GIVEN DATA Start Marker

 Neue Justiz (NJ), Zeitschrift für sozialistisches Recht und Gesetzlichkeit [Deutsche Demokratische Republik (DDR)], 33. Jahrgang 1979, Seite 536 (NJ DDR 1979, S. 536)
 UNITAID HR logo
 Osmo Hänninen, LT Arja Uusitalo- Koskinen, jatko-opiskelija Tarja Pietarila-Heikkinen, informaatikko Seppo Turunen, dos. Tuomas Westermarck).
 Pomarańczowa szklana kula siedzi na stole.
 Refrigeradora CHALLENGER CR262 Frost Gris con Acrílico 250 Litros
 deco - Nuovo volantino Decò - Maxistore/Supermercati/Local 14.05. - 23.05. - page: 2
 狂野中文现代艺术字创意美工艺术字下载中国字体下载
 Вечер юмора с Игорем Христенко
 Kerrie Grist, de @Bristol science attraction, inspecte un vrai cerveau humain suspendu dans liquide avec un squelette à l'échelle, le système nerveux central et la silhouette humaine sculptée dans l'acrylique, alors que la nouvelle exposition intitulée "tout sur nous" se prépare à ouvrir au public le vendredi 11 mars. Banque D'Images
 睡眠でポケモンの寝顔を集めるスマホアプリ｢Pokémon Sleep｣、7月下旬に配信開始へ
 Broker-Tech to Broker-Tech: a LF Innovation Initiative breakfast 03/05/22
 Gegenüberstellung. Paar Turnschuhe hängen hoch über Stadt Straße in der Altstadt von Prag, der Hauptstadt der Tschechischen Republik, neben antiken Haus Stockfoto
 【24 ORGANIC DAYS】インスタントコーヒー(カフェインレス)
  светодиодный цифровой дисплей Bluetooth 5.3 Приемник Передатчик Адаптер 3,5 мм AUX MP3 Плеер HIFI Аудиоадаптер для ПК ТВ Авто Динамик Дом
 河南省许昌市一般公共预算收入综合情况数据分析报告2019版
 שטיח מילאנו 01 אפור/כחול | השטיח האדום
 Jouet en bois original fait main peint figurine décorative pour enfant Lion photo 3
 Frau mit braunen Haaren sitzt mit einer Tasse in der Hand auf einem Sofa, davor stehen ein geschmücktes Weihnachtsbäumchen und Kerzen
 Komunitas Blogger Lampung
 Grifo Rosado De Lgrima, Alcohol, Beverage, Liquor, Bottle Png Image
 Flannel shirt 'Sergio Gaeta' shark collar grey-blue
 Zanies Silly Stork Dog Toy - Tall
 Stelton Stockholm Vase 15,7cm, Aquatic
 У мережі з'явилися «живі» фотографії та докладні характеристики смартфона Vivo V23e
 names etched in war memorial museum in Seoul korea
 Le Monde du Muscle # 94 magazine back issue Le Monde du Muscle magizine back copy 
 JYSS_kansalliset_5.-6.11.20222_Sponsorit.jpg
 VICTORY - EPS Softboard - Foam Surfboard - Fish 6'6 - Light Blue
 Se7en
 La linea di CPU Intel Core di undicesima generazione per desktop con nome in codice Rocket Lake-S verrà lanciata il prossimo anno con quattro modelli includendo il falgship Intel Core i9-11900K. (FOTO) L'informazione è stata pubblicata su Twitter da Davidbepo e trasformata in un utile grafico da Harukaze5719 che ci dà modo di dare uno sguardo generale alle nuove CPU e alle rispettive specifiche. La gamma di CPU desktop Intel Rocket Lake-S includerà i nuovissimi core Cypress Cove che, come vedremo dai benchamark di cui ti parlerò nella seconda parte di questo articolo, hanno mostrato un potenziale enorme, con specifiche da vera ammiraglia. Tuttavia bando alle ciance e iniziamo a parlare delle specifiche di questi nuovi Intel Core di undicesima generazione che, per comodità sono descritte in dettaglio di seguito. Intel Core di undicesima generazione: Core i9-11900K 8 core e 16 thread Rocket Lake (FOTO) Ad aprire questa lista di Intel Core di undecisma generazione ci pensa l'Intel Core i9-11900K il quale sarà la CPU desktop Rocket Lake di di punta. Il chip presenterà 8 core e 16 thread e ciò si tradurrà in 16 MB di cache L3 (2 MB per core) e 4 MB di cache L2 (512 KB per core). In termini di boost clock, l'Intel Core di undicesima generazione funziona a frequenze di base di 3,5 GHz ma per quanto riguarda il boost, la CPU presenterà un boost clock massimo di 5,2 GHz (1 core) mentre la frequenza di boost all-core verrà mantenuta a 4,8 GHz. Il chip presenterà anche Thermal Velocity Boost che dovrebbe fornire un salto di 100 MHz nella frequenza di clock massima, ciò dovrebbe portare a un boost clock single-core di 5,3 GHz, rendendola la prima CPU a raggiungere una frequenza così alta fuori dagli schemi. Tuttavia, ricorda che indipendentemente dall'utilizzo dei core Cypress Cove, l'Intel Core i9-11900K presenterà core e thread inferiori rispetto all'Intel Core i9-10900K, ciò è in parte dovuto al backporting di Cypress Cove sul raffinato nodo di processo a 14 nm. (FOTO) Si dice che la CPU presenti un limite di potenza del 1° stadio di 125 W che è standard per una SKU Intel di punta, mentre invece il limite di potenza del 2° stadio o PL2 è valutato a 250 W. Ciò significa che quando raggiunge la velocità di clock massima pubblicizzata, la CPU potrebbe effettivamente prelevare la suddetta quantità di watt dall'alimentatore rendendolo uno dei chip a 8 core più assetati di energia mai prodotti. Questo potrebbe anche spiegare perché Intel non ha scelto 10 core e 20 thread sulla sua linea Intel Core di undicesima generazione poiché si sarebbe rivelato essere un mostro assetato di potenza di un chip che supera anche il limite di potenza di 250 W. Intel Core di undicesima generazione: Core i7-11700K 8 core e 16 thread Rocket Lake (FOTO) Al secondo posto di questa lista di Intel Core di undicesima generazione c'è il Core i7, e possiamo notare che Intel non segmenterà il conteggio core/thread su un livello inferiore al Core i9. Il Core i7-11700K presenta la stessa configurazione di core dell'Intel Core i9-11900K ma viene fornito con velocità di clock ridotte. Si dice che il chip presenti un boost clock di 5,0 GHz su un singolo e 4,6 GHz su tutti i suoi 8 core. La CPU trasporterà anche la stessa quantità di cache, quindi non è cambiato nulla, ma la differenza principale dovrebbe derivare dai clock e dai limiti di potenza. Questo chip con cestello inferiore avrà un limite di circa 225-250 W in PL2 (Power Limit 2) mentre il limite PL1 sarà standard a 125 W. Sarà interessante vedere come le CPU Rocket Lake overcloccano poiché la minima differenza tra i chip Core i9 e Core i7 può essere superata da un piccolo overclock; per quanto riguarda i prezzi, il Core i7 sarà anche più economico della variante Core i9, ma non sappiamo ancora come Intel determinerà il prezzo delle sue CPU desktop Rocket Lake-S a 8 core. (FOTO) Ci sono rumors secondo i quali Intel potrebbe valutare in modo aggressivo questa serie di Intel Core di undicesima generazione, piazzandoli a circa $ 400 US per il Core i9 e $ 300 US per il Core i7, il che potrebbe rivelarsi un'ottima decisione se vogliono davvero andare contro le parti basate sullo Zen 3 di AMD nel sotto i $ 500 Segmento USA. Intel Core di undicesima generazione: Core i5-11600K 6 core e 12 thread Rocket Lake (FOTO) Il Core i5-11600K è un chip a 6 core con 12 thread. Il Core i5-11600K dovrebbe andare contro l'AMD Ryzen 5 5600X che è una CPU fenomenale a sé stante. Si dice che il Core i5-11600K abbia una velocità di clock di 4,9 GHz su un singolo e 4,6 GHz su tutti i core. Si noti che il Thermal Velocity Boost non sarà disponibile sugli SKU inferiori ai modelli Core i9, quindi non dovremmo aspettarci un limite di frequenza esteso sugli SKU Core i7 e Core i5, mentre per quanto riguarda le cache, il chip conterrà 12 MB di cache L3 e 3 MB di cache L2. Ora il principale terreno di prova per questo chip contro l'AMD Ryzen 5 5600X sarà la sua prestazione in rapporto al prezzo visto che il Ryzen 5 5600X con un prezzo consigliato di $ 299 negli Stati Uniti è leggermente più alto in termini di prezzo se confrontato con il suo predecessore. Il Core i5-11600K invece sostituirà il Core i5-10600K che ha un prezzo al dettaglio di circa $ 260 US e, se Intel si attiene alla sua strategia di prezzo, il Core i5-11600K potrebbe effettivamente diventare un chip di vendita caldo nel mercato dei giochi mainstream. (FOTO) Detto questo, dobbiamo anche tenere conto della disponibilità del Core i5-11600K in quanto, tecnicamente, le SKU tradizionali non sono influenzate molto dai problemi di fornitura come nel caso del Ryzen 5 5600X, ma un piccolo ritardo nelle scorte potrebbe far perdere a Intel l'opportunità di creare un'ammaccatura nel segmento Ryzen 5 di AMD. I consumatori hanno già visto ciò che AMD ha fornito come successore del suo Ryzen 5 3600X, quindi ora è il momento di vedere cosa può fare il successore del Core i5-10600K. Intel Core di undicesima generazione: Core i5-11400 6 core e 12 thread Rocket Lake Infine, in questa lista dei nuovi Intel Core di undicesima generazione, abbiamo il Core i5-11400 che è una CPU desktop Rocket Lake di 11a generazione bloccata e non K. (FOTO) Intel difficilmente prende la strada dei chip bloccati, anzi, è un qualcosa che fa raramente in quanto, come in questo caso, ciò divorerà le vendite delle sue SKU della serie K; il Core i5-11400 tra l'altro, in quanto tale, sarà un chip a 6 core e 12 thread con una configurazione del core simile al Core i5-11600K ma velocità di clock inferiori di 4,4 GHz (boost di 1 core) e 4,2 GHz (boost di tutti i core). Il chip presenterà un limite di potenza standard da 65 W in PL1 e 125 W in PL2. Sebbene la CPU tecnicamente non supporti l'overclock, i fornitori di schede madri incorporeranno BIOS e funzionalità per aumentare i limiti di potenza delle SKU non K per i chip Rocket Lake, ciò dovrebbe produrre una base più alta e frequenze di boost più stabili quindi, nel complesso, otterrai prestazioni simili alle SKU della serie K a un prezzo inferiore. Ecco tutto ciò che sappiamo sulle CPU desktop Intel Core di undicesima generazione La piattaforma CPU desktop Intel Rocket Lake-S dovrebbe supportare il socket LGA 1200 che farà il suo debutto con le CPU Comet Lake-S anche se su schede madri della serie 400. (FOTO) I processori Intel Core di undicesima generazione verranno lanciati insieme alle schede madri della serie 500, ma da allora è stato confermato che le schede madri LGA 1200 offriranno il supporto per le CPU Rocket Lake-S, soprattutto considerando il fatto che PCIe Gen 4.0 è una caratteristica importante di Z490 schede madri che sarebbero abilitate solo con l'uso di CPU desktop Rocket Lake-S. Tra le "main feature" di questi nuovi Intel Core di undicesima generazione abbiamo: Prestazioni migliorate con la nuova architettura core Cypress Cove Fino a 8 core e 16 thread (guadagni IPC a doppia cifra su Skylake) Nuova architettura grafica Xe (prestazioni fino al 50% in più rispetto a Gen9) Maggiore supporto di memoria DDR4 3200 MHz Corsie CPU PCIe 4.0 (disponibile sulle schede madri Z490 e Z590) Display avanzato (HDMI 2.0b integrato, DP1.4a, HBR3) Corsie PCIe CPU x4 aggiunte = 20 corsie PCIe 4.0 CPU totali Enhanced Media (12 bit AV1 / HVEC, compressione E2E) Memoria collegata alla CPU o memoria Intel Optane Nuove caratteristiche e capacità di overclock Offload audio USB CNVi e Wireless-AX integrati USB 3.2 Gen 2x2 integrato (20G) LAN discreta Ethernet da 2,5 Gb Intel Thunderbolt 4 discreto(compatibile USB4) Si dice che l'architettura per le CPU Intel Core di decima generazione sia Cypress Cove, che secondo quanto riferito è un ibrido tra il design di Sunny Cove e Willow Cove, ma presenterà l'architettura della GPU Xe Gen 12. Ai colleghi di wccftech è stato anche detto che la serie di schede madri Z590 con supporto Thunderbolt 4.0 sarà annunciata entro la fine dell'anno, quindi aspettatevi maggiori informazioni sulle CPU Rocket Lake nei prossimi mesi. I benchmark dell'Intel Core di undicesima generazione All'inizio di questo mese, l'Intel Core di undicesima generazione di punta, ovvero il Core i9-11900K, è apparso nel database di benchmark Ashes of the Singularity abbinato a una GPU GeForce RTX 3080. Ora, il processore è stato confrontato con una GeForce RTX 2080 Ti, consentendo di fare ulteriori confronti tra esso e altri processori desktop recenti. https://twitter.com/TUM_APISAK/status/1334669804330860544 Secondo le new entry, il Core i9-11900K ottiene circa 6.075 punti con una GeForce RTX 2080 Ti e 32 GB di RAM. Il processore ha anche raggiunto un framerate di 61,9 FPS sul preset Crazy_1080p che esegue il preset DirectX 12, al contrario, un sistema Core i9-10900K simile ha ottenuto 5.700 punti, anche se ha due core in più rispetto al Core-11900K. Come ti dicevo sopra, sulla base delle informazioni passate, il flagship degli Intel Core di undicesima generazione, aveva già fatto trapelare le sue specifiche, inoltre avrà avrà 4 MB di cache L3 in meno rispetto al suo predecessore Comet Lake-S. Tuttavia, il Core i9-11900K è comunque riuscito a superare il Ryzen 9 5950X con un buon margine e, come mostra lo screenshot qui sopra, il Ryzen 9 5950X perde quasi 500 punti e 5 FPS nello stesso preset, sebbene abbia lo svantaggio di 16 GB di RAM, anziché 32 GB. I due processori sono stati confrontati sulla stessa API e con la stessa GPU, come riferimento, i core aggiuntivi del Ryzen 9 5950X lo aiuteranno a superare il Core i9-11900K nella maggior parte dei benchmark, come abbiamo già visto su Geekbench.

GIVEN DATA End Marker

Above are the records. Copy the lines beginning at the one that has "UNITAID HR logo" and ending with the one that has "Вечер юмора с Игорем Христенко", unchanged.

 UNITAID HR logo
 Osmo Hänninen, LT Arja Uusitalo- Koskinen, jatko-opiskelija Tarja Pietarila-Heikkinen, informaatikko Seppo Turunen, dos. Tuomas Westermarck).
 Pomarańczowa szklana kula siedzi na stole.
 Refrigeradora CHALLENGER CR262 Frost Gris con Acrílico 250 Litros
 deco - Nuovo volantino Decò - Maxistore/Supermercati/Local 14.05. - 23.05. - page: 2
 狂野中文现代艺术字创意美工艺术字下载中国字体下载
 Вечер юмора с Игорем Христенко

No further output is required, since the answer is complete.